3.7. GNU/POSIX extensions to regular expressions

    GNU sed supports "character classes" in addition to regular
    character sets, such as [0-9A-F]. Like regular character sets,
    character classes represent any single character within a set.

    "Character classes are a new feature introduced in the POSIX
    standard. A character class is a special notation for describing
    lists of characters that have a specific attribute, but where the
    actual characters themselves can vary from country to country
    and/or from character set to character set. For example, the notion
    of what is an alphabetic character differs in the USA and in
    France." [quoted from the docs for GNU awk v3.0.3]

    Though character classes don't generally conserve space on the
    line, they help make scripts portable for international use. The
    equivalent character sets *for U.S. users* follow:

       [[:alnum:]]  - [A-Za-z0-9]     Alphanumeric characters
       [[:alpha:]]  - [A-Za-z]        Alphabetic characters
       [[:blank:]]  - [ \x09]         Space or tab characters only
       [[:cntrl:]]  - [\x00-\x19\x7F] Control characters
       [[:digit:]]  - [0-9]           Numeric characters
       [[:graph:]]  - [!-~]           Printable and visible characters
       [[:lower:]]  - [a-z]           Lower-case alphabetic characters
       [[:print:]]  - [ -~]           Printable (non-Control) characters
       [[:punct:]]  - [!-/:-@[-`{-~]  Punctuation characters
       [[:space:]]  - [ \t\v\f]       All whitespace chars
       [[:upper:]]  - [A-Z]           Upper-case alphabetic characters
       [[:xdigit:]] - [0-9a-fA-F]     Hexadecimal digit characters

    Note that [[:graph:]] does not match the space " ", but [[:print:]]
    does. Some character classes may (or may not) match characters in
    the high ASCII range (ASCII 128-255 or 0x80-0xFF), depending on
    which C library was used to compile sed. For non-English languages,
    [[:alpha:]] and other classes may also match high ASCII characters.

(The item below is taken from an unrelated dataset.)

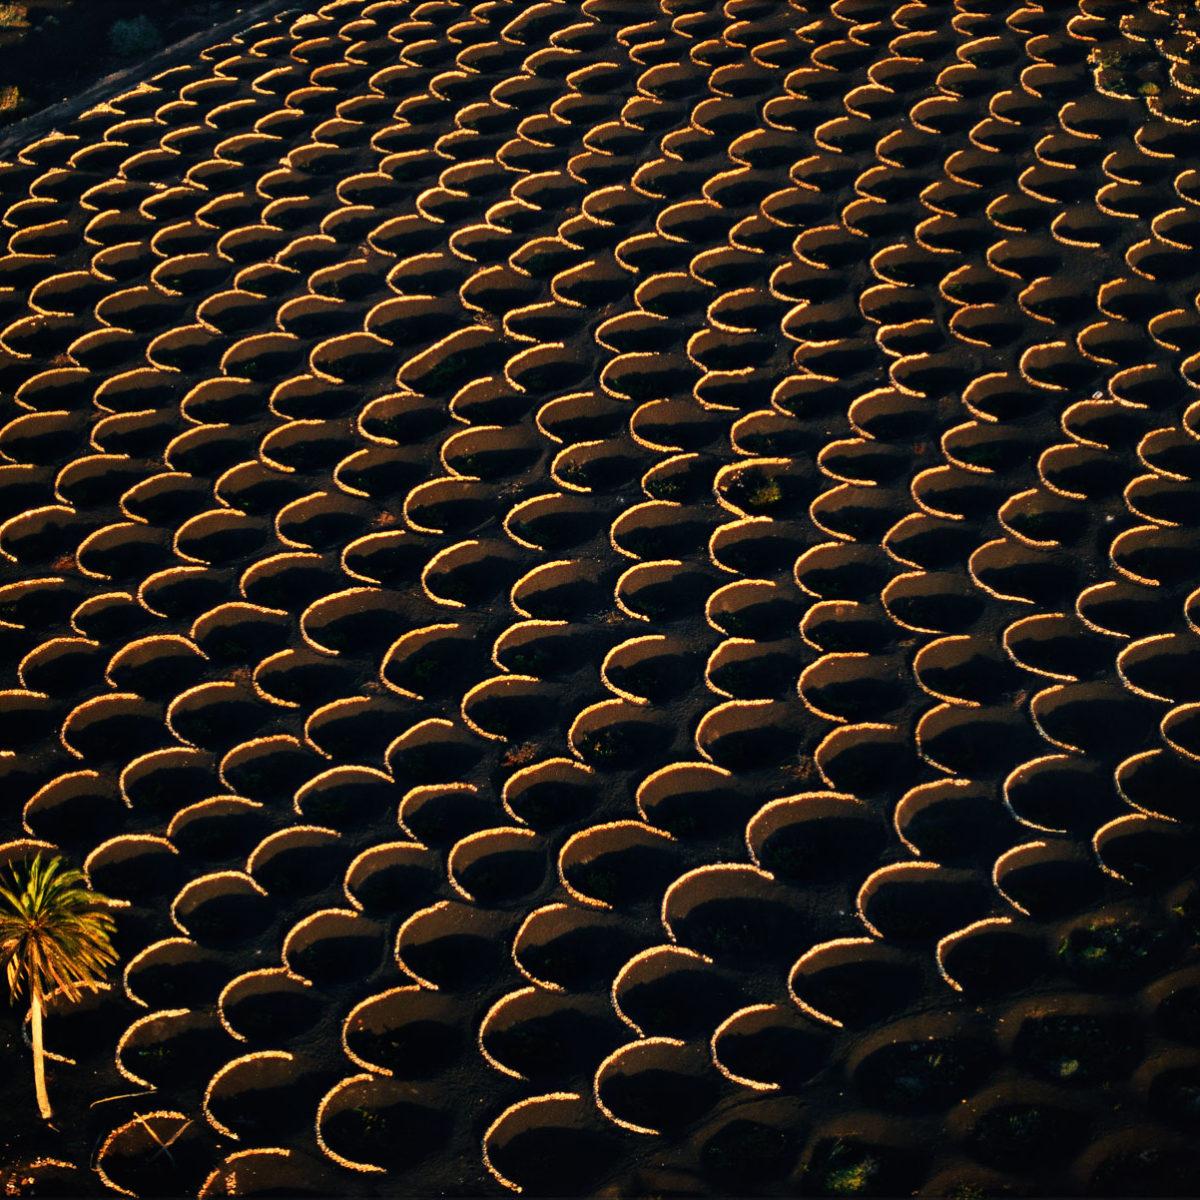 Vineyards, La Geria region, Lanzarote, Canary Islands, Spain (28°58' N – 13°43' W).

------------------------------

4. EXAMPLES

4.1. How do I perform a case-insensitive search?

    Use GNU sed v3.02 with the I flag ("/regex/I" or "s/LHS/RHS/I").
    Or use sedmod with the -i switch on the command line. With other
    versions of sed this is not easy to do, so some people use GNU awk
    (gawk), mawk, or perl, since these programs have options for
    case-insensitive searches. In gawk/mawk, use "BEGIN {IGNORECASE=1}"
    and in perl, "/regex/i". For sed, here are three solutions:

    Solution 1: convert everything to upper case and search normally

       # sed script, solution 1
       h;          # copy the original line to the hold space
                   # convert the pattern space to solid caps
       y/abcdefghijklmnopqrstuvwxyz/ABCDEFGHIJKLMNOPQRSTUVWXYZ/
                   # now we can search for the word "CARLOS"
       /CARLOS/ {
            # add or insert lines. Note: "s/.../.../" will not work
            # here because we are searching a modified pattern
            # space and are not printing the pattern space.
       }
       x;          # get back the original pattern space
                   # the original pattern space will be printed

    Solution 2: search for both cases

    Often, proper names will either start with all lower-case ("unix"),
    with an initial capital letter ("Unix") or occur in solid caps
    ("UNIX"). There may be no need to search for every possibility.

       /UNIX/b match
       /[Uu]nix/b match

    Solution 3: search for all possible cases

       # If all else fails, search for any possible combination
       /[Ca][Aa][Rr][Ll][Oo][Ss]/...

    Bear in mind that as the pattern length increases, this solution
    becomes an order of magnitude slower than the one of Solution 1, at
    least with some implementations of sed.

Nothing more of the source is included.